Raising a Child With Extraordinary Needs: How the Lines Between Parenting and Caregiver Become Blurred


Truth be told, when I found out I was pregnant with our third child, I never thought we would be raising a child with severe physical disabilities, a seizure disorder, gastroesphageal reflux disease, or care beyond anything we had ever experienced before.

It’s not something any parent ever imagines, but here we are eight years later, learning day by day how to provide the best care for our daughter; all the while finding the balance between being her Momma and her caregiver.

As odd as that may sound to some, parents are typically not caregivers. Yes, we care for our children through nurture, love and support. We guide them throughout their milestones, celebrate their independence, and as they grow, what is required of us, shifts. We move from changing dirty diapers and the messy (but fun) toddler years, to sending them off to school, watching them establish new friendships, seeing the occasional glimpse of who they will become in this world, and knowing one day your nest will be empty.
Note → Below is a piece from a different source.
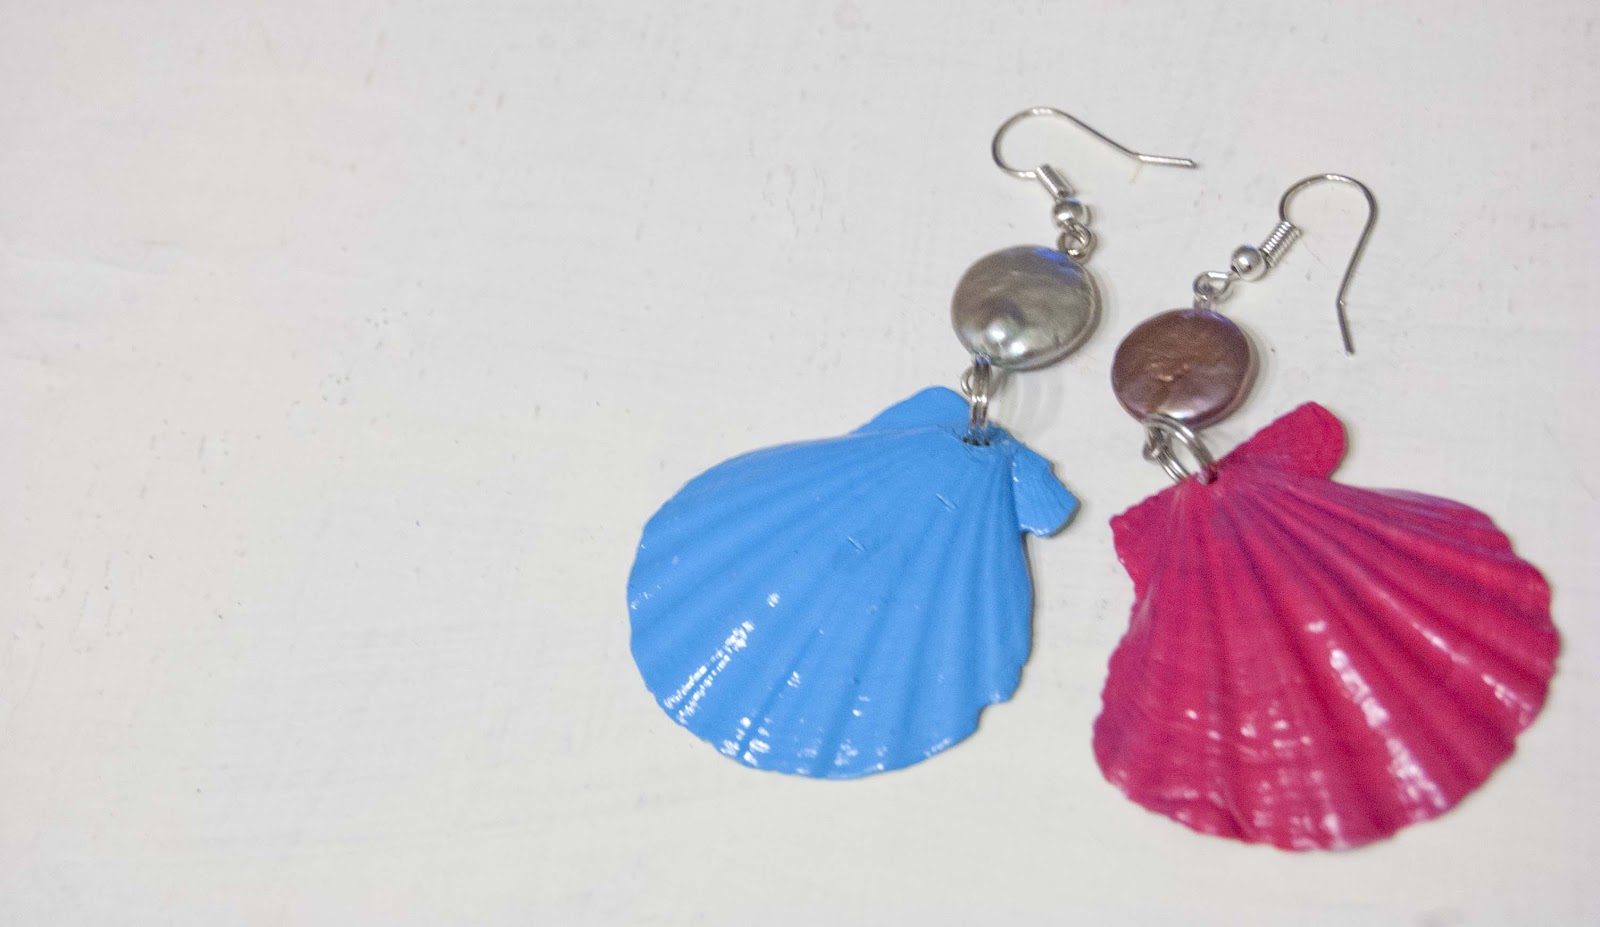 lovely idea!: Seashell earrings

Many families, like us, raising children with extraordinary needs, instead live our lives through a different lense; one that consists of two roles: parent and caregiver. The role of caregiver becomes deeply entwined into our parenting role. As we love and nurture our children, we are learning to provide care that is essential for the well-being and development of our children, for the rest of their lives.

Some of us have not moved beyond the diapering stage, and possibly never will. Some of us are still feeding our grown children because they lack the motor function to do so independently, or they require feeds through a feeding tube in their nose or bellies. Some of us are lifting our grown children in and out of bed, into wheelchairs, into bath tubs, or into specialty devices. Some of us have chronic back problems. Some of us are struggling with mental health issues like anxiety and depression. Some of us have chronic broken sleep because we must tend to our children throughout the night with seizures, muscle spasms, reflux pain, insomnia, etc. Some of us have had to sit at the bedside of our children in the hospital and struggle with the worry they may not be coming home. All of us have had to learn the medical lingo used by professionals when discussing our child. All of us have had to learn to become fierce advocates so our children get the support and care they need. Some of us have had to leave full-time jobs and careers to care for our children. Some of us struggle with worry for the day we become old and our bodies feeble and we wonder who will help us care for them? What if we die before them?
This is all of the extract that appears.